Take the time to execute this gratin. I’m not going to lie. It’s a little time consuming, using more bowls and pans that it ought to, but you will be roundly praised if you persevere. And you can make it in advance up to the baking point, refrigerating it for up to four hours before bringing it to room temperature and placing it in the preheated oven. Do think about substituting extra virgin olive oil for the butter in the béchamel and the breadcrumb topping. The result is lighter, perhaps a little less unctuous, but no less satisfying.
Swiss Chard Gratin
2 Tbsp. unsalted butter, melted (or substitute extra virgin olive oil; no need to heat it)
1 cup coarse breadcrumbs (make them yourself by whirring up slightly stale bread in the blender or food processor)
1 cup grated Gruyere, Parmigiano or another flavorful, hard cheese (not cheddar, though)
1 garlic clove, finely chopped
1 Tbsp. finely chopped mixed fresh herbs (could be thyme, Italian parsley, tarragon, etc.)
1/8 tsp. freshly grated nutmeg
Sea salt, to taste
Freshly ground black pepper, to taste
1 cup chicken stock (or vegetable stock)
½ cup heavy cream
3 Tbsp. unsalted butter (or substitute extra virgin olive oil)
1 Tbsp. all-purpose flour (I used whole wheat flour because I was out of regular flour after an earlier baking frenzy; you could substitute a gluten-free alternative if you prefer)
1 medium onion, finely chopped (about a cup)
2 medium leeks, white part only, finely chopped (if you don’t have leeks, don’t worry; just use a little more onion)
3 lbs. Swiss chard, center ribs discarded, leaves and stems separated, leave cut into 1-inch pieces and stems diced)
1 lb. spinach, coarse stems discarded and leaves coarsely chopped
Preheat the oven to 400 degrees F. Butter (or use extra virgin olive oil) to prepare a 12” gratin dish or oval ceramic baker.
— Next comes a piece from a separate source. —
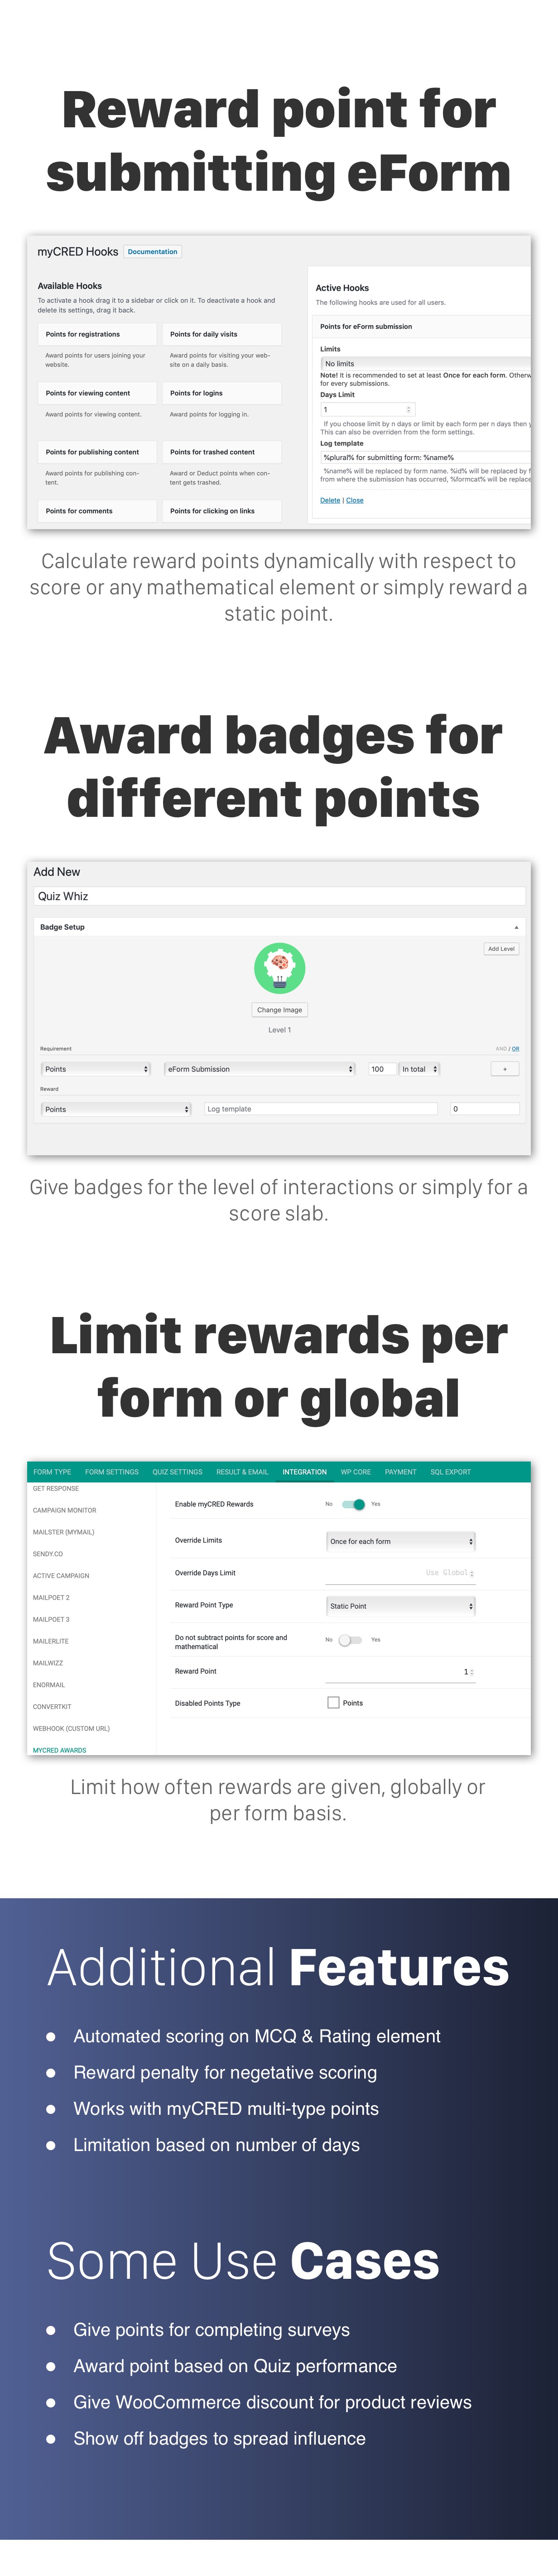 eForm myCRED product features

Toss 2 Tbsp. melted butter (or extra virgin olive oil), with breadcrumbs, cheese, garlic, herbs, half of nutmeg and salt and pepper to taste in a bowl. Set aside.
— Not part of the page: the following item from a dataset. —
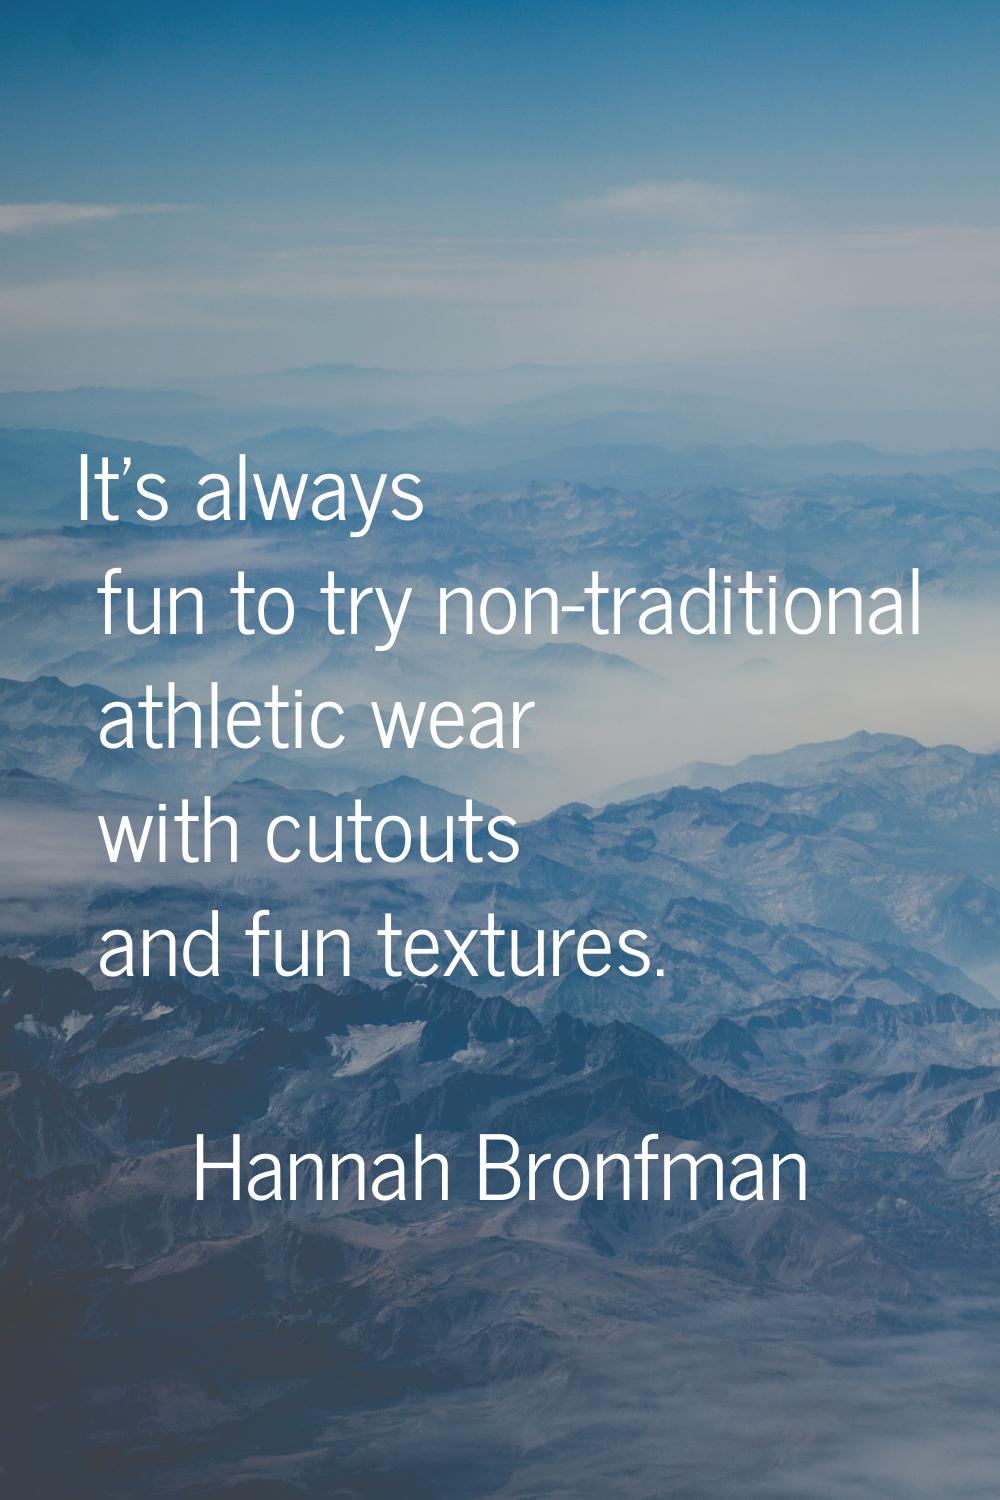 It's always fun to try non-traditional athletic wear with cutouts and fun textures.

Bring the stock to a boil in a small saucepan and boil until reduced by half. Add the cream; remove from heat and cover to keep warm.
Melt 1 Tbsp. butter (or extra virgin olive oil) in a small heavy saucepan over moderate heat. Add the flour and cook, whisking, for a few minutes to make a roux. Add the stock mixture in a slow, steady stream, whisking, and boil, whisking, for a minute. Season with salt and pepper and remove from the heat.
Melt the remaining 2 Tbsp. butter (or extra virgin olive oil) in a wide sauté pan over moderately low heat. Add the onion and cook, stirring, until soft. You may need to add a little water to the sauté pan to speed the process, covering the pan as you sauté the onion. Add the leeks; sauté for another 3-4 minutes. Add the diced chard stems, remaining nutmeg, salt and pepper to taste and cook, stirring until chard is tender but not browned. This may take up to 15 minutes. Increase heat to moderately high and add the chard leaves in large handfuls. Stir well to incorporate the onion, leek and stem mixture. After about 5 minutes, add the spinach leaves and stir well to incorporate. Sauté the mixture until all of the greens are wilted. Taste for salt and pepper.
Transfer the vegetables to a colander to drain well, pressing out all of the liquid with the back of a large spoon. Be sure to drain as much liquid as possible from the vegetables so the gratin isn’t watery. Toss the vegetables with the cream sauce (béchamel) and transfer the mixture to the prepared gratin dish, spreading evenly.
Top the vegetables with the breadcrumb mixture and bake until the gratin is bubbling and the topping is golden, about 20 minutes.
Serves 6 as a side dish or 4 as a vegetarian main course.